One of the blackface photos, which was taken from the website of the photographer David Leyes, was surfaced by Pusha-T following Drake’s own strikes in “Duppy Freestyle,” a song released on Friday in response to untoward lyrics on Pusha-T’s new album. Old photos have a historical precedent in hip-hop feuds, from Eazy-E using Dr. Dre’s World Class Wreckin’ Cru days against him on album art to Jay-Z’s SummerJam reveal of Prodigy in a childhood dance class.

Mr. Leyes, who did not respond to a request for comment, wrote on Instagram that the image was Drake’s idea and that he was “proud to be part of a strong statement made by a black man” about the culture he is living in.

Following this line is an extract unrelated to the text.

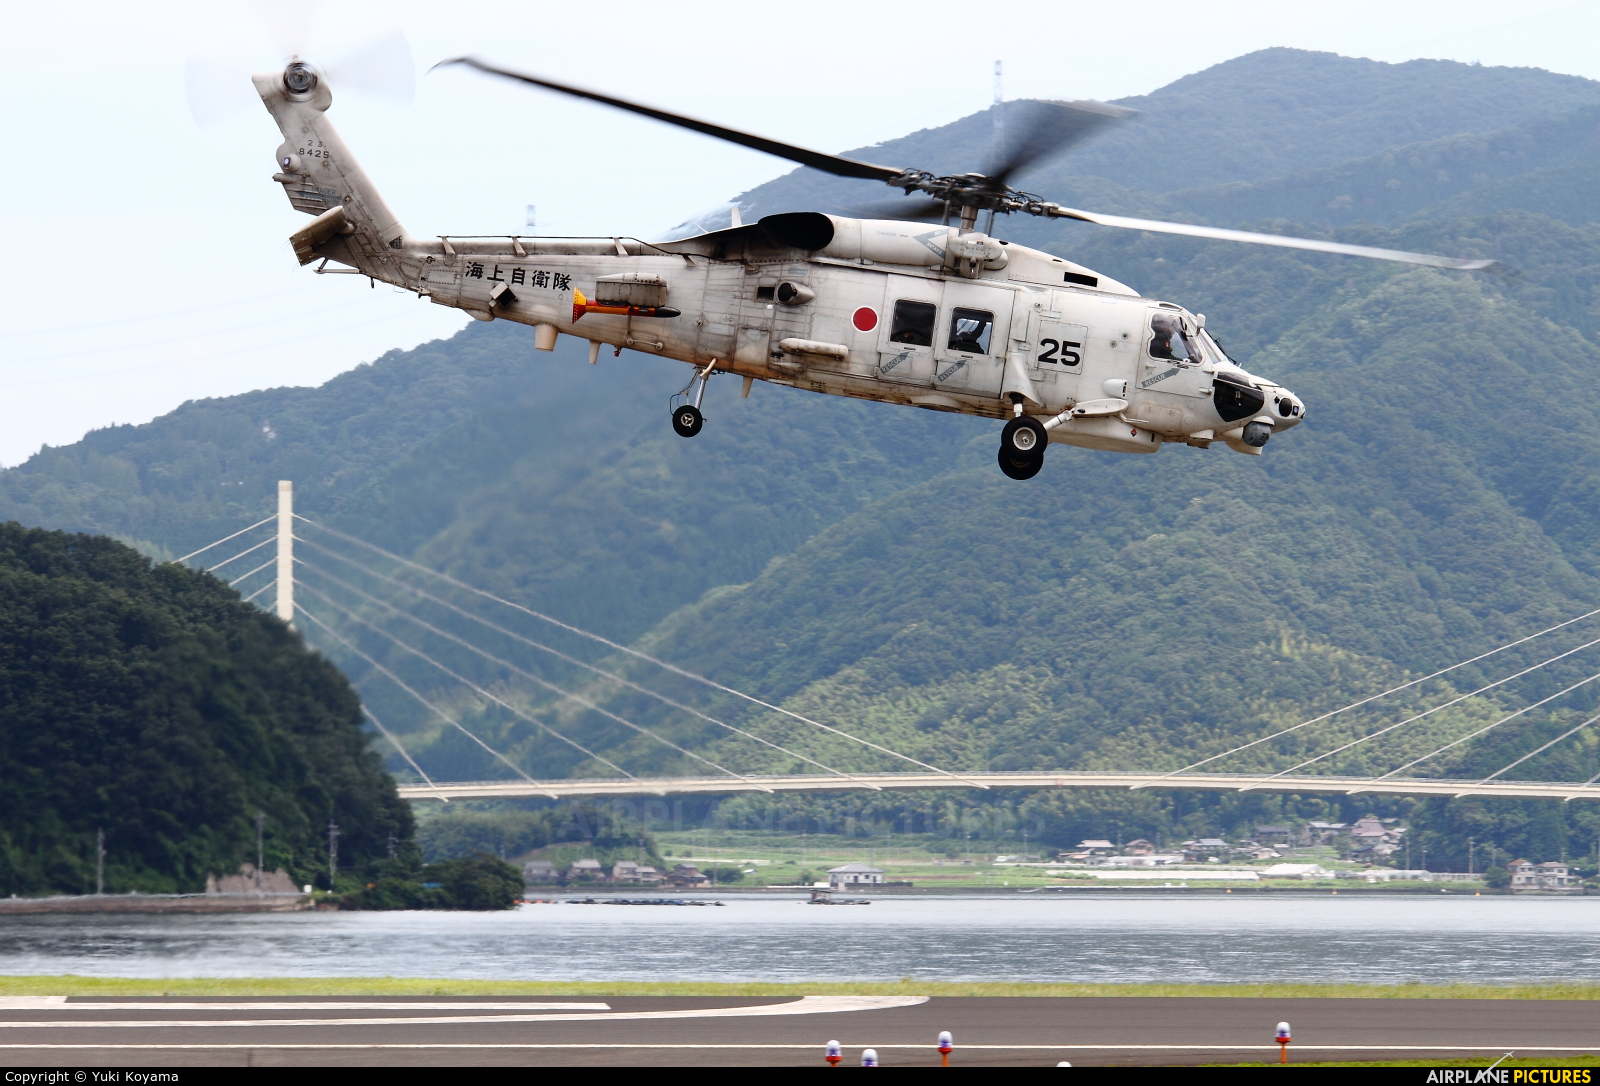 Japan - Maritime Self-Defense Force 8425 aircraft at Maizuru Air Station

Drake was also backed up by the Toronto fashion brand Too Black Guys. While some theorized that the blackface was part of an ad campaign for the brand’s satirical Jim Crow Couture/House of Crow collection, which Drake is wearing in the photos, Adrian Aitcheson, the founder of Too Black Guys, said in a statement: “Although this was not an image from any of our photoshoots, we feel that Drake, who is a longtime friend of the brand, was brilliantly illustrating the hypocrisy of the Jim Crow Era.”

“The subtleties of Drake, a young black man, mimicking how white men used to mimic and dehumanize black people may be lost in a rap battle but we should not be distracted from the issues that are still affecting our communities,” he wrote.

Drake’s fifth album, “Scorpion,” is due out in June.